Молли Грю проворчала некоторую грубую характеристику чародеев как класса, однако разбойники пришли в мгновенный восторг и закричали, подбрасывая друг друга на воздух. Единственным, кто проявил настоящее недовольство, был Капитан Капут, уныло возразивший:

– Да, но песни. Мистер Чайлд должен выслушать песни.

– Что я и сделаю, – заверил его Шмендрик. – Потом.

Тут Капитан Капут просветлел лицом и закричал на разбойников, приказывая им расступиться, освободить место. Они развалились и присели в полумраке на корточки, наблюдая со скачущими улыбками за Шмендриком, начавшим показывать всякий вздор, коим он развлекал деревенский люд в «Полночном балагане». Магия-то была жалкая, но Шмендрик полагал, что для увеселения шайки Капута довольно и такой.

Однако суждение это было поверхностным. Его кольцам и шарфикам, золотым рыбкам и тузам, которые он доставал из ушей, разбойники аплодировали с должной вежливостью, но без изумления. Не предлагая истинной магии, он и от публики никакой магии получить не мог, и когда заклинание не удавалось, – к примеру, он пообещал обратить туза треф в графа, которого они смогут ограбить, а превратил в графитный карандаш, – ему хлопали с такой же добротой и безучастностью, какими встречались и фокусы удавшиеся. Идеальная была публика.

Капитан Капут нетерпеливо улыбался, Пак Перезвяк дремал, но что пугало чародея, так это разочарование в безжалостных глазах Молли Грю. Внезапный гнев заставил его рассмеяться. Он уронил на землю семь вращавшихся шариков, которые становились, пока он ими жонглировал, все более яркими (в удачные вечера они загорались), махнул рукой на свое ненавистное ремесло и зажмурился. «Делай, что хочешь, – прошептал он магии. – Делай, что хочешь».

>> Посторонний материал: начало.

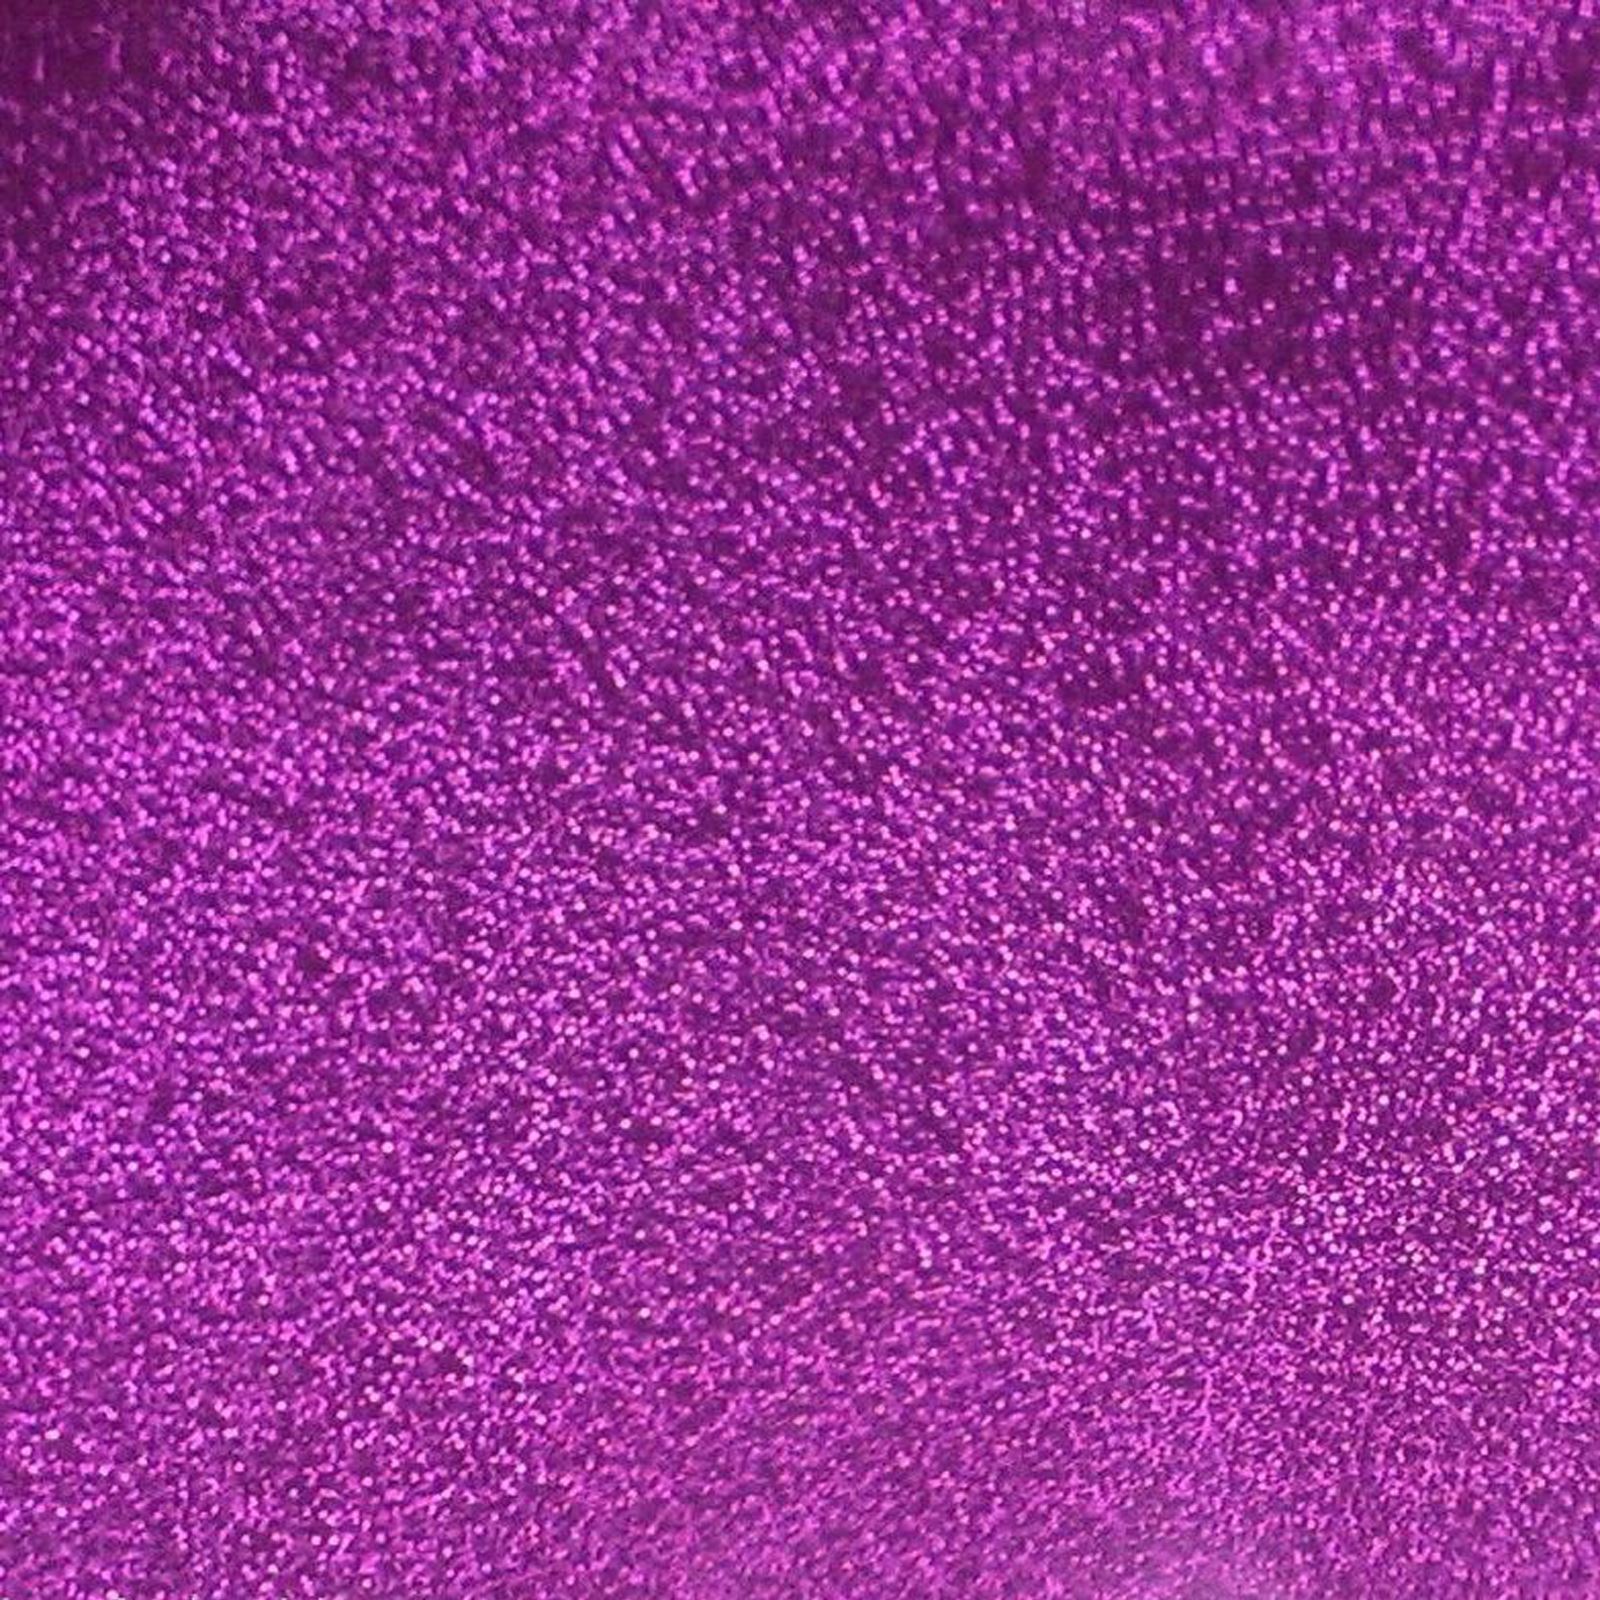 Very Holographic Glitter Wallpaper Rolls - Glitter Tapete Pink - HD Wallpaper

Вздох ее прокатился по телу Шмендрика, начавшись в каком-то укромном месте – в лопатке, быть может, или в мозгу берцовой кости. Сердце наполнилось и напряглось, как парус, и что-то зашевелилось в волшебнике с уверенностью, какой он никогда не знал. Оно говорило его голосом, повелительно. Ослабев от новой силы, он упал на колени и стал ждать, когда вновь обратится в Шмендрика.

Интересно, что же я сделал? Ведь что-то я сделал.

Шмендрик открыл глаза. Разбойники большей частью посмеивались и постукивали себя пальцами по вискам, радуясь случаю понасмехаться над ним. Капитан Капут встал, спеша объявить эту часть развлекательной программы оконченной. И тут Молли Грю вскрикнула негромким дрожащим голосом, и все повернулись, чтобы увидеть то, что увидела она. На поляну вышел мужчина.

Одет он был в зеленое, если не считать коричневого колета и косо сидевшей на голове коричневой же шапочки с куликовым пером. Высокий, слишком высокий для живого человека: свисавший с его плеча огромный лук был так же длинен, как Пак Перезвяк, а стрелы этого лука сгодились бы Капитану Капуту в копья и дубины. Не обратив никакого внимания на замерших у костра оборванцев, он прошел по освещенному месту и сгинул, и никто не услышал ни дыхания его, ни поступи.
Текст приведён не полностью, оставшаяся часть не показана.